Keywords: Reflectance Transformation Imaging, Drone Capture, Polynomial Texture Mapping
Reflectance Transformation Imaging (RTI) has revolutionized the way in which archeologists and other cultural heritage researchers are able to study detailed surface indentations. While 3D scanning and photogrammetry create a 3D representation of a surface as a mesh and 3D point cloud, RTI creates a 2D mathematical representation of the surface texture. According to Caine and Magen (2017), the “practicality, accuracy and immediacy” of RTI make it a useful technique for scanning cultural heritage artifacts. As an alternative to 3D scanning, researchers can view the details of an artifact that are difficult to see with photographs or the naked eye. However, the current methods for capturing data for RTI make it difficult to capture large objects. To perform RTI, researchers must take photographs of an artifact with a light in different positions to gather specular information for every part of the object’s face. They then either use a string to ensure that light is a consistent distance away from their object (CHI, 2013), or they must have access to an expensive dome of lights, alleviating the tedium of the string method, but limiting the size of the object, as the lights must be positioned in a dome formation with a radius of two to three times the length of the object’s facial diagonal (Piquette, 2011).

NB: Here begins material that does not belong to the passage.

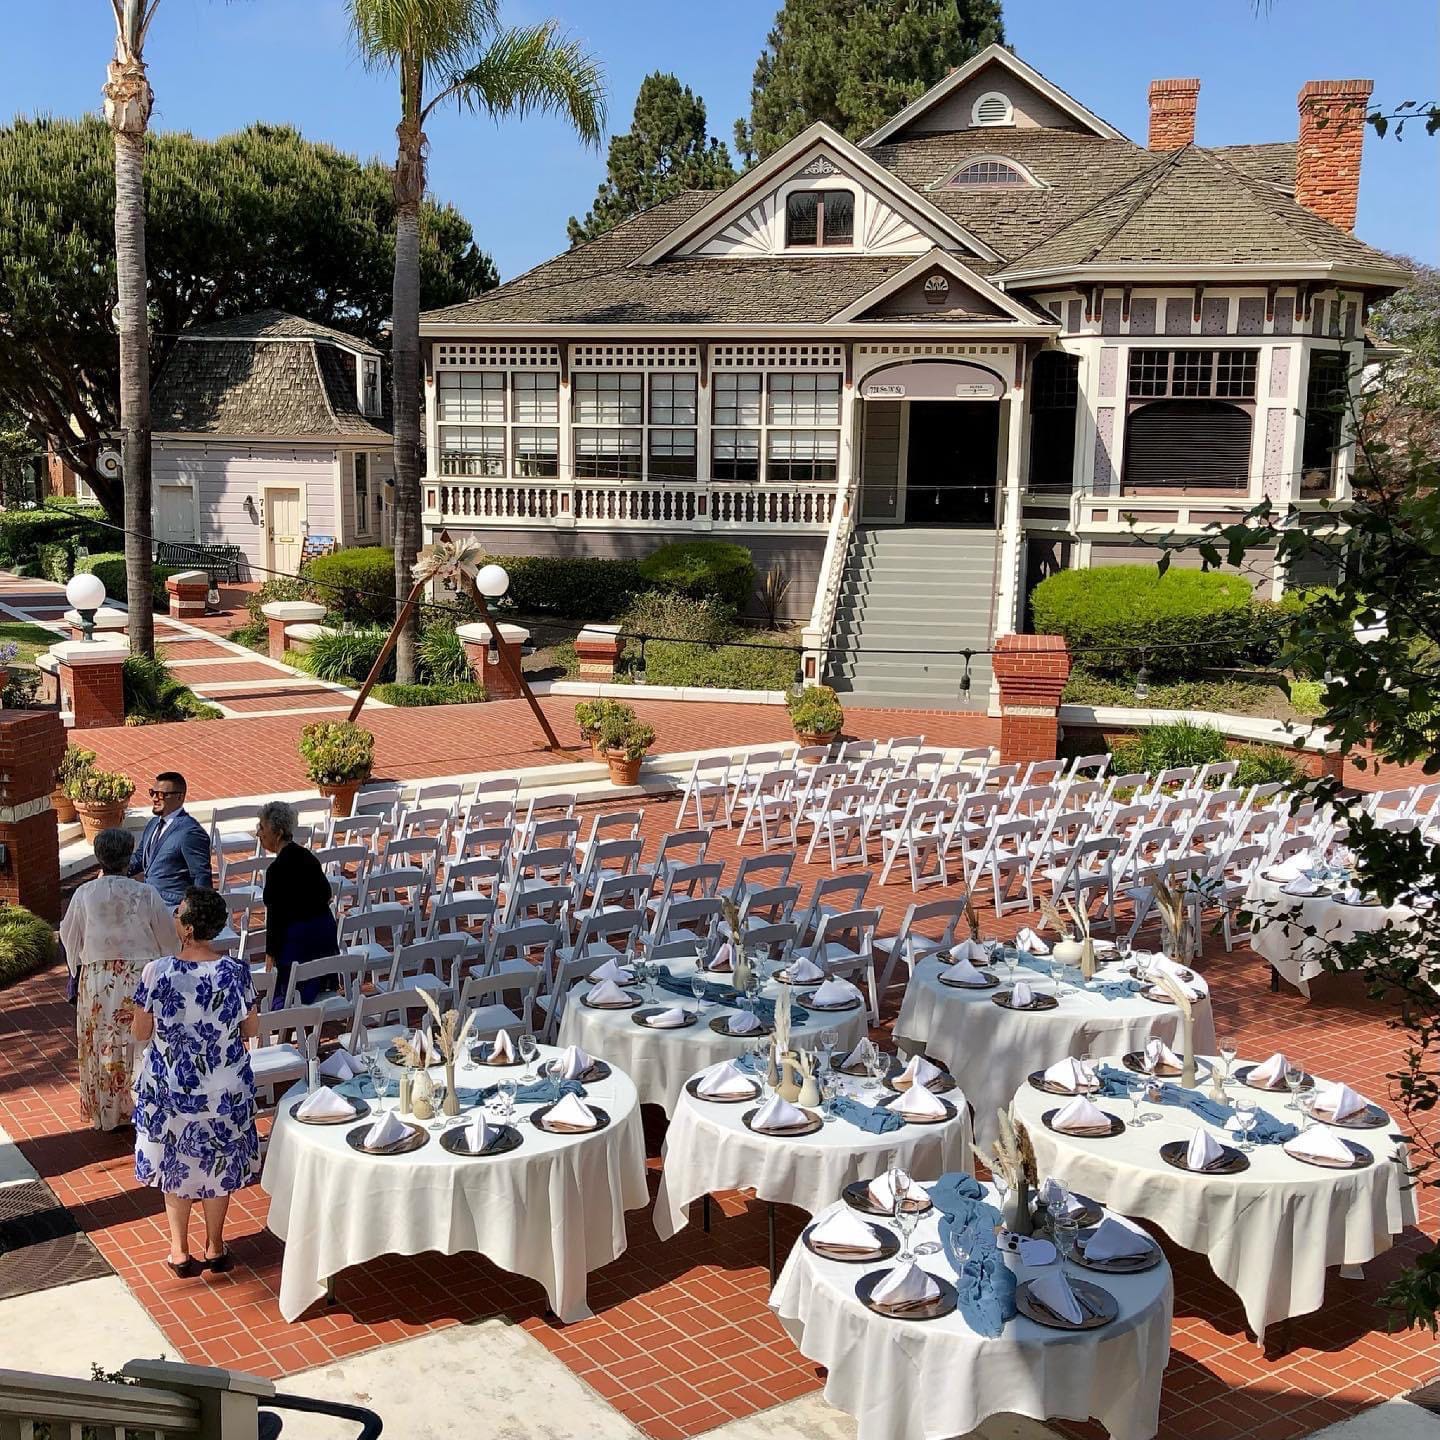 Outdoor wedding setup in Heritage Square in front of a classic Victorian house with rows of white chairs and round tables set for dining under a clear sunny sky.

We propose a novel method for capturing RTI with a drone, enabling the gathering of detailed surface information of larger artifacts. Using a drone, we can position the lights an arbitrary distance from the object without scaffolding or the use of a fixed dome. To validate our method, we collected data on the Santa Cruz Surfer Memorial Statue, located at the edge of a cliff in Santa Cruz, California, using commercial Lume Cube Lighting Kit mounted to the drone with a brightness of 750 LUX at one meter. The statue is 18 feet tall, so we isolated the concentration of the RTI imaging to the body with a 6-foot diagonal. The statue’s height and proximity to the cliff would make it difficult and even dangerous to use the string method. With our method, we were able to capture the statue quickly and effectively.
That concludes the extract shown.